Thursday, October 14, 2010

M.S. Degree From the TeeVee

I was at a friend's house dropping off our nut sales (no, I'm not selling my family members, it's for Girl Scouts) when she showed us part of an episode of "Hoarding: Buried Alive." Seeing the piles of junk lit a fire in me. When we returned home I began to attack my paper piles.

My mom might say I save too many things. My husband thinks it's too cluttered around our house. What do I see?

I see some clutter. It constitutes the things that I don't necessarily have a place for and don't know what to do with, so they sit out or get pushed into piles and forgotten. I also see changes that I've made to make it less cluttered. There is the huge basket that sits in the living room and looks nice, but it holds a bunch of yarn. The yarn is hidden, and it looks neat. I see the end tables I bought that have drawers and shelves so that books can sit in them. More examples abound. What I see are the accomplishments I've made in order to advance in the direction of an organized person, in addition to what I have yet to do. Seeing the things that don't have a place doesn't bother me so much probably because I know I will take care of it. I know it needs to be done, it just hasn't been done yet.

That sounds like an excuse. It would be, if I sat on the couch eating bonbons all day, but I don't. I do other things. What I need is to incorporate (better) the habit of organizing the oddball items that don't get into my daily routine of putting s#it away. Specifically, my problem is paper. There is my work from the most recent term of school, OC's school things, some random old mail, and other weird stuff that has no place. I have a big basket for the things I feel I need to keep for a month or so, then they can go away. The problem is that a month goes by and I don't revisit the pile. The piles multiply into hairy monsters that look too scary to go anywhere near.

The other problem I had was in dealing with things that were too painful. There are boxes filled with sad things like funeral notices, or pictures that I haven't been ready to come across. It is better now, because time has gone by since the sad events.
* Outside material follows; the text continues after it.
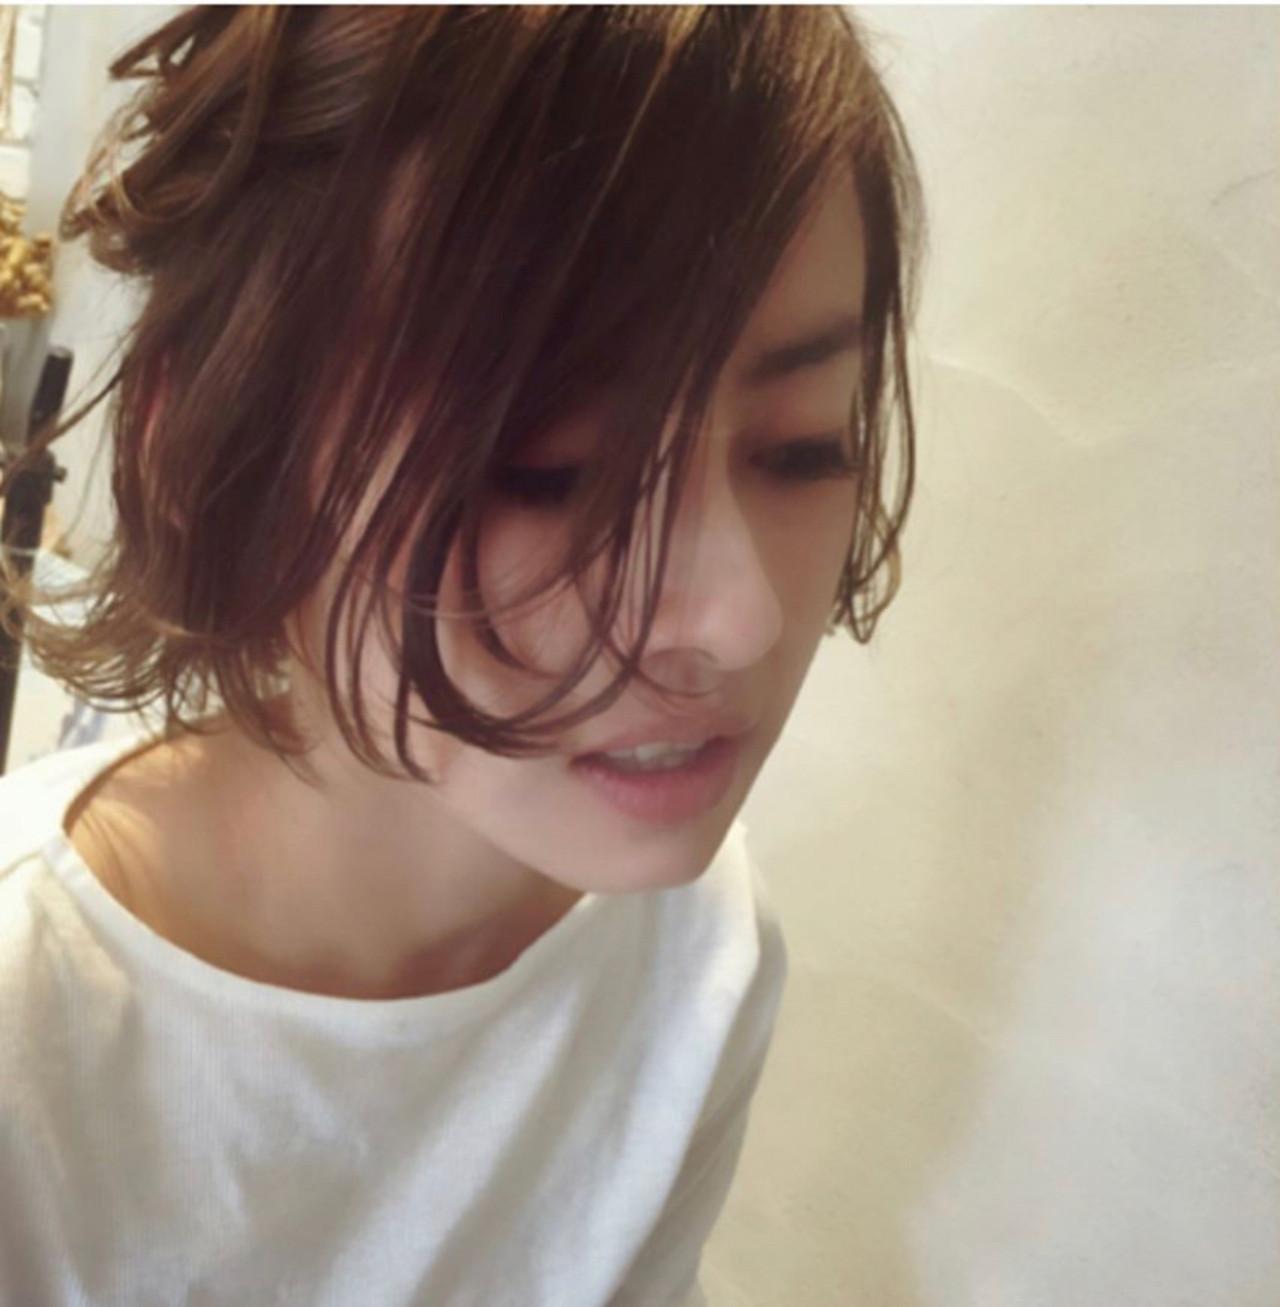 ボブ ナチュラル ボブヘアー モテボブ ヘアスタイルや髪型の写真・画像 | 平井 潮里/ENTRAIDE / ENTRAIDE  hair design studio

And, I've recently reorganized and cleaned out one side of our attic area, including dealing with several boxes filled with emotional napalm, organizing what I'll keep and tossing others.

After OC saw the show, and when she looked at her room she told, "At least my room isn't as bad as those!"

She's right. There is no black mold in there. There are no pathways (although sometimes there is a crunching sound when one walks across her floor....) and she manages to keep up with most of the daily tidying up.

What is surprising to learn is that the hoarders tend to be perfectionists. It seems counterintuitive, but, they usually have some type of compulsion or depression. The stuff is there to either fill an emotional hole, or because they know it needs to go but they need to deal with each individual piece first, or there is a shopping compulsion, etc.

Myself, I'm no perfectionist. While I like a clean house, I don't like to clean the house. I like to have everything in its place, but I don't always know where that place is for some things. Where do I stash a flier for the High Desert Museum's programs that I might want to look at to schedule a field trip? Possibly that should be recycled and I could use the internet to look up the information. See? THAT'S PROGRESS RIGHT THERE.

I've come a long way from the days when I had emotional attachments to objects, especially those that were given to me. It would have constituted a personal insult to get rid of a gift until one day I realized that the person who gave me that thing would not want me to feel burdened by it. The idea clicked, and gave me what I needed to break that habit.

The decision-making process is what gets me. Where to put it once I know I actually do need it? I don't have a problem getting rid of things or organizing, but I get stuck when I feel overwhelmed by too many decisions. When that happens, I don't want to deal with it at all. The piles go untended and grow facial hair but I sometimes ignore that. This can go on until their voices change, then I figure it's time to do something.

I don't know if I have a problem, or am experiencing a normal amount of overwhelming indecisiveness? I don't think I'm alone in this. TheYarn Harlot posted recently about an unusual room in her house with an organization problem.

Me? I've got clutter but I'm also working to find places to put it all away. The reward is knowing what I have and where it is located. Perhaps a steady dose of the revolting visuals on "Hoarders" will propel action to become a good habit. It's not a bad way to feel better about one's self, anyway.

I'd like to think I'm normal, but I'm not asking for your opinion. Thanks, anyway. I'll deal with it before my piles ask for the keys to the car.